# Merged: Elite 8 GameThread Saturday



## Geaux Tigers (Apr 26, 2004)

*Elite Eight Gamethread - Saturday*

No gamethread for today?

Anyway...Im all hyped up for LSU - Texas. This is going to be a good game...

:banana: :vbanana: :banana: :vbanana:


----------



## Diable (Apr 26, 2005)

*GameThread #4 LSU vs #2 Texas 4:40 PM Sat 3/25*

*#4 LSU vs #2 Texas*​


----------



## Diable (Apr 26, 2005)

*Re: Elite Eight Gamethread - Saturday*

I was slack.If you had waited 30 seconds you would have seen one.


----------



## Geaux Tigers (Apr 26, 2004)

*Re: Elite Eight Gamethread - Saturday*

Well you can put it up and we can merge it...no worries you do make some great gamethreads...


----------



## Geaux Tigers (Apr 26, 2004)

*Re: Elite Eight Gamethread - Saturday*

:laugh: rival faction gamethreads...


----------



## Diable (Apr 26, 2005)

*Re: Elite Eight Gamethread - Saturday*

Only when I feel like it.It would have been a nicer gamethread if Duke was playing.


----------



## Geaux Tigers (Apr 26, 2004)

*Re: Elite Eight Gamethread - Saturday*



Diable said:


> Only when I feel like it.It would have been a nicer gamethread if Duke was playing.


Thats cold hearted...


----------



## Geaux Tigers (Apr 26, 2004)

*Re: Elite Eight Gamethread - Saturday*

PJ Tucker might be hurt, I dont know the extent but it looks like a hand/wrist injury...


----------



## LionOfJudah (May 27, 2003)

*Re: Elite Eight Gamethread - Saturday*

Looks like the refs aren't calling any of the hacking and reaching but don't bump the ball handler...


----------



## LionOfJudah (May 27, 2003)

*Re: Elite Eight Gamethread - Saturday*



Diable said:


> Only when I feel like it.It would have been a nicer gamethread if Duke was playing.
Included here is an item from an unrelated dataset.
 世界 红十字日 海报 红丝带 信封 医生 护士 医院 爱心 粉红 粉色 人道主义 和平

 Whats the fun of that? There were more middle class white kids crying over the Duke game than their were for Eminem calling it quits.


----------



## LionOfJudah (May 27, 2003)

*Re: Elite Eight Gamethread - Saturday*

The Kid for the Rock in the game... Go AJ way brick :sigh:


----------



## Geaux Tigers (Apr 26, 2004)

*Re: Elite Eight Gamethread - Saturday*

What an alley oop by Tyrus Thomas! Damn!


----------



## Geaux Tigers (Apr 26, 2004)

*Re: Elite Eight Gamethread - Saturday*



Jsimo12 said:


> PJ Tucker might be hurt, I dont know the extent but it looks like a hand/wrist injury...
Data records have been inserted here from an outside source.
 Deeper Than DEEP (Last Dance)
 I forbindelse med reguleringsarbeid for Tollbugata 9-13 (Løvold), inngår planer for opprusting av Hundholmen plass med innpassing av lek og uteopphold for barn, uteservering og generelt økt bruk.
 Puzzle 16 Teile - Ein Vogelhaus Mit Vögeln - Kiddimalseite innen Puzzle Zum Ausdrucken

He's back in the game and it looks fine...


----------



## LionOfJudah (May 27, 2003)

*Re: Elite Eight Gamethread - Saturday*

How many times are they going to let LSU slap at the ball like that before they call something?


----------



## ATLien (Jun 18, 2002)

*Re: GameThread #4 LSU vs #2 Texas 4:40 PM Sat 3/25*



I should be at this game!!! Stupidass friend


----------



## Geaux Tigers (Apr 26, 2004)

*Re: Elite Eight Gamethread - Saturday*

:laugh: at Tyrus bopping Buckman on the head and running away...


----------



## LionOfJudah (May 27, 2003)

*Re: Elite Eight Gamethread - Saturday*

Like how you quoted yourself on that one. 
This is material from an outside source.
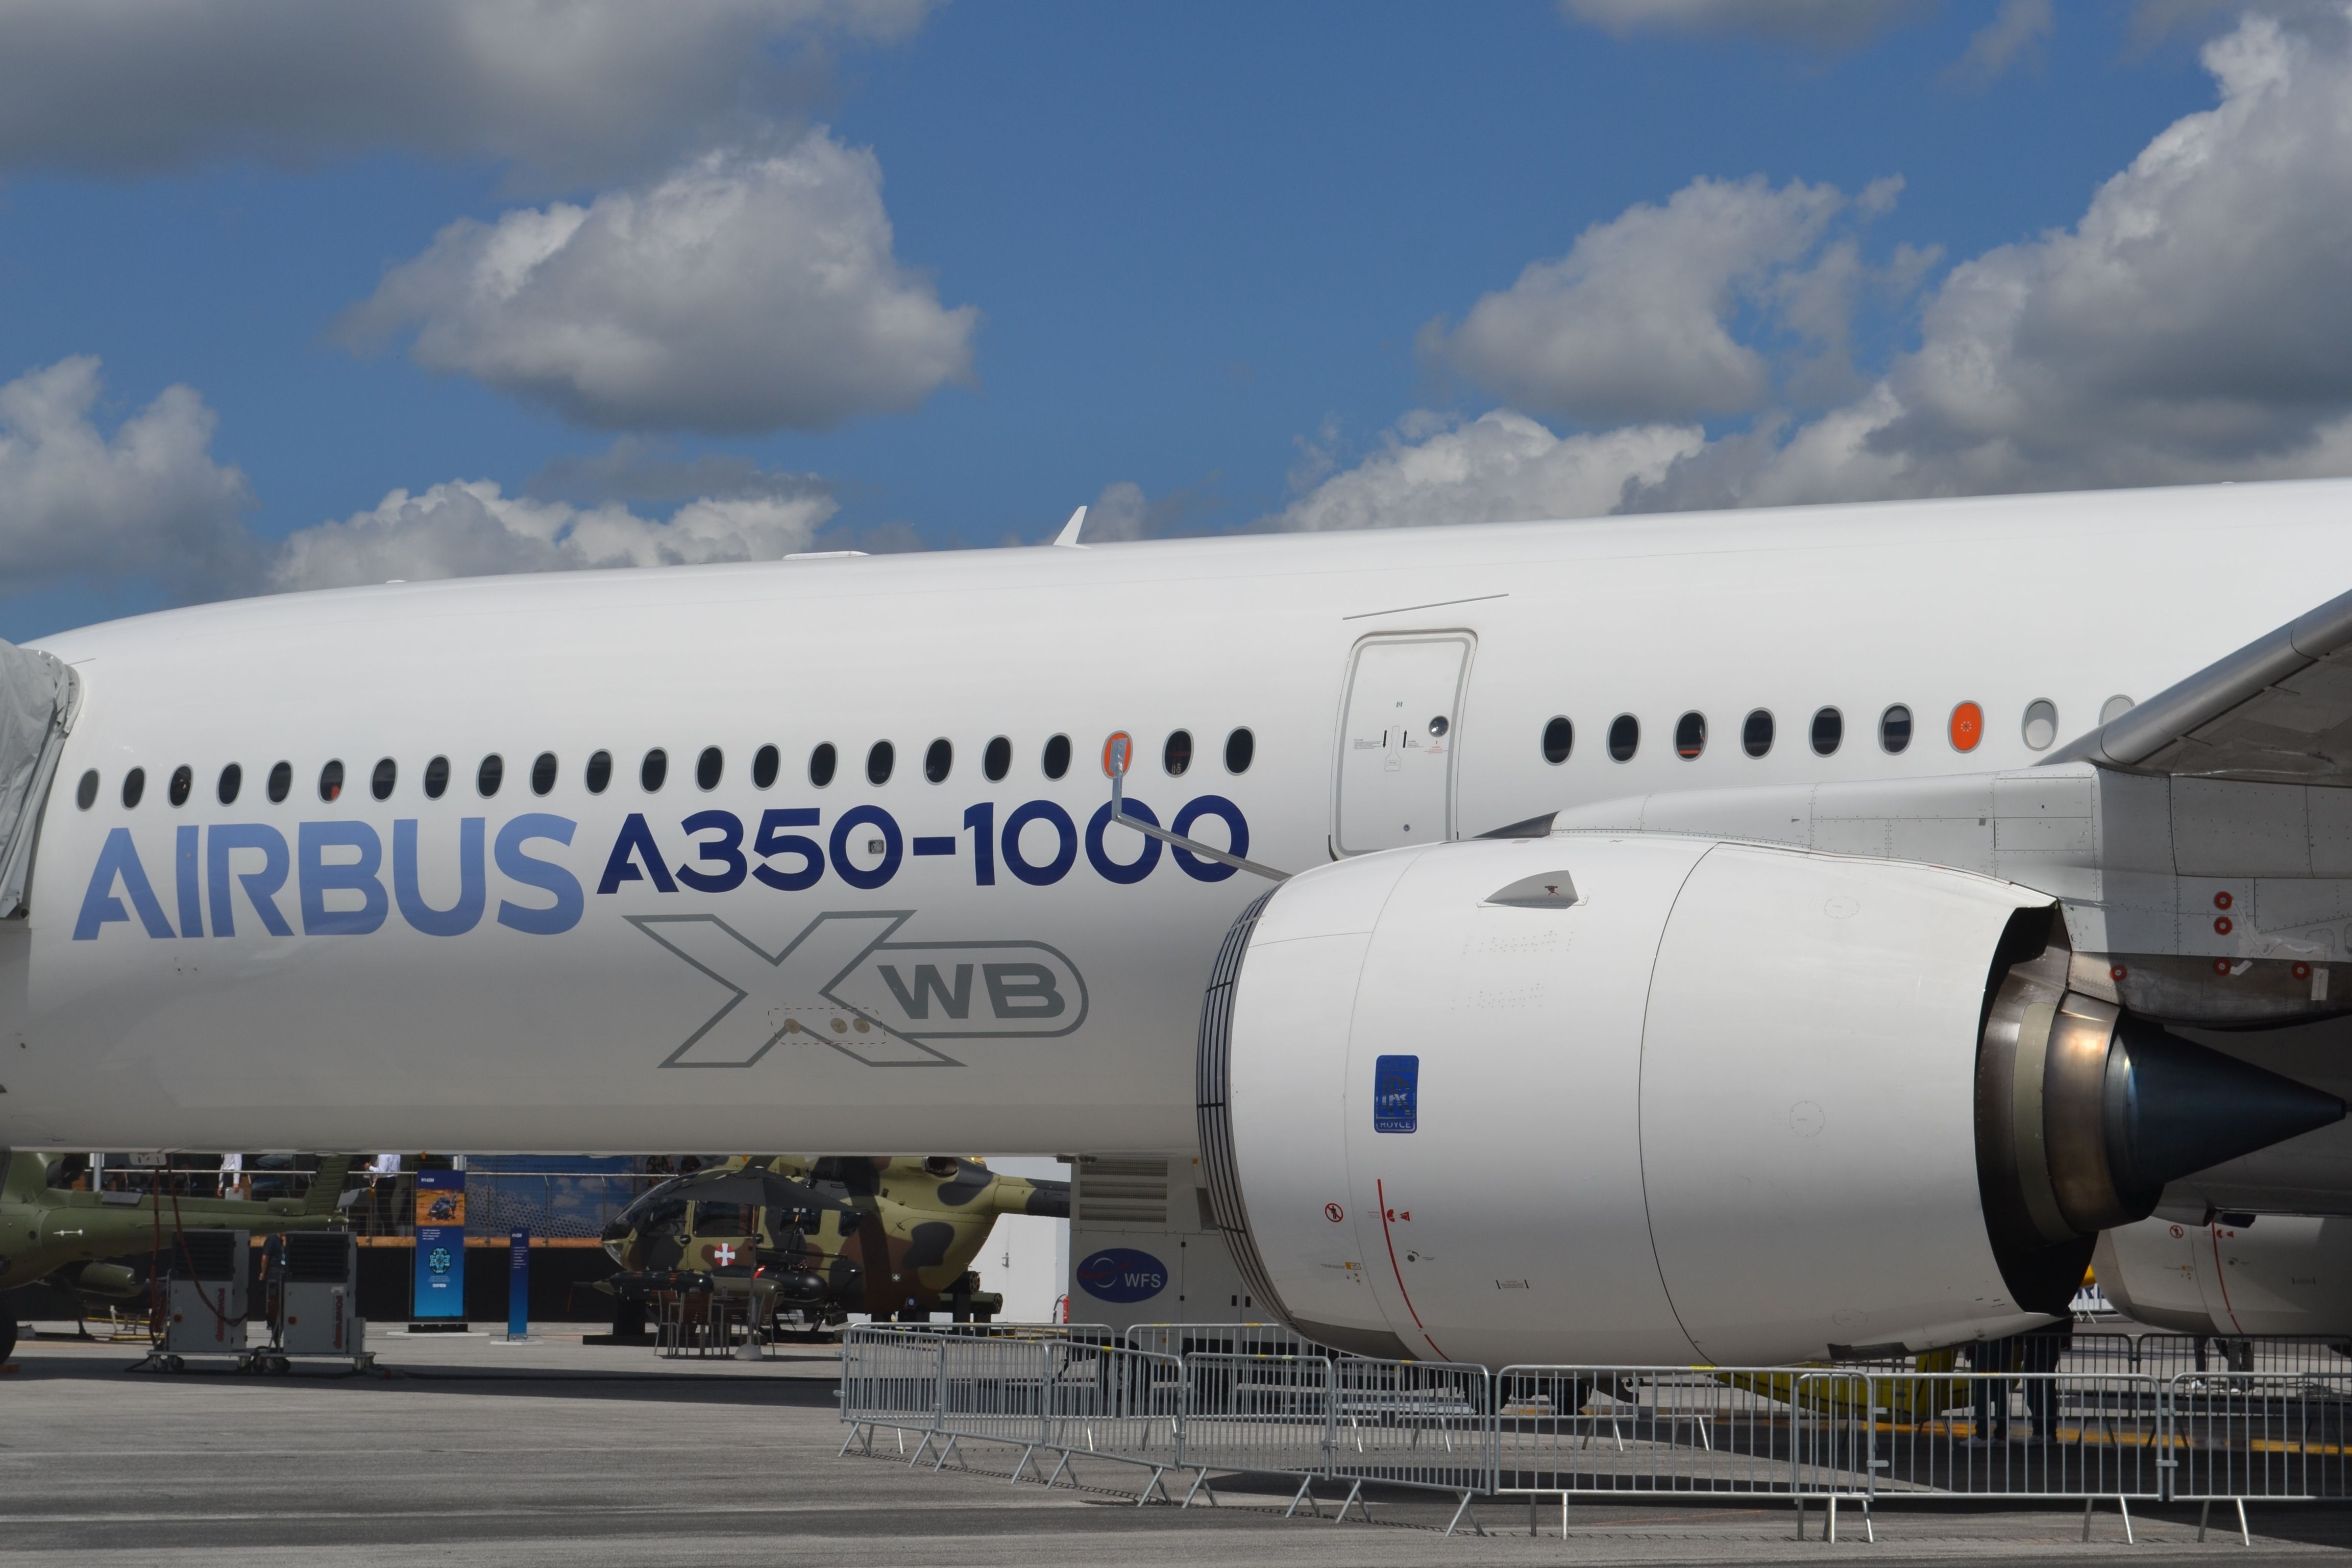 Airbus A350-1000 at Paris Air Show 2019

LSU's giving Texas hell on D and LSU isn't hitting anything against the Horn's D.. Looks like its going to stay close the whole game if this keeps up


----------



## Geaux Tigers (Apr 26, 2004)

*Re: Elite Eight Gamethread - Saturday*



stevemc said:


> Like how you quoted yourself on that one.
> 
> LSU's giving Texas hell on D and LSU isn't hitting anything against the Horn's D.. Looks like its going to stay close the whole game if this keeps up


Brady seriously is the most inept coach when it comes to Zone offense. Watch how his guards just pass it around the perimeter until its late in the shot clock then panic. You have to get in the gaps of a zone and penetrate and kick out. Or go behind the zone and pass to the short corner. Either way LSU just plays hot potato around the perimeter and its been the same all season...


----------



## LionOfJudah (May 27, 2003)

*Re: Elite Eight Gamethread - Saturday*



Jsimo12 said:


> :laugh: at Tyrus bopping Buckman on the head and running away...


 He's slapped people on the arms twice already and they are letting him keep on.. usually they'll call that type of thing. :whoknows:


----------



## Geaux Tigers (Apr 26, 2004)

*Re: Elite Eight Gamethread - Saturday*



stevemc said:


> He's slapped people on the arms twice already and they are letting him keep on.. usually they'll call that type of thing. :whoknows:


Yeah I think the second was a foul but the refs arent going to call anything that far from the basket this early.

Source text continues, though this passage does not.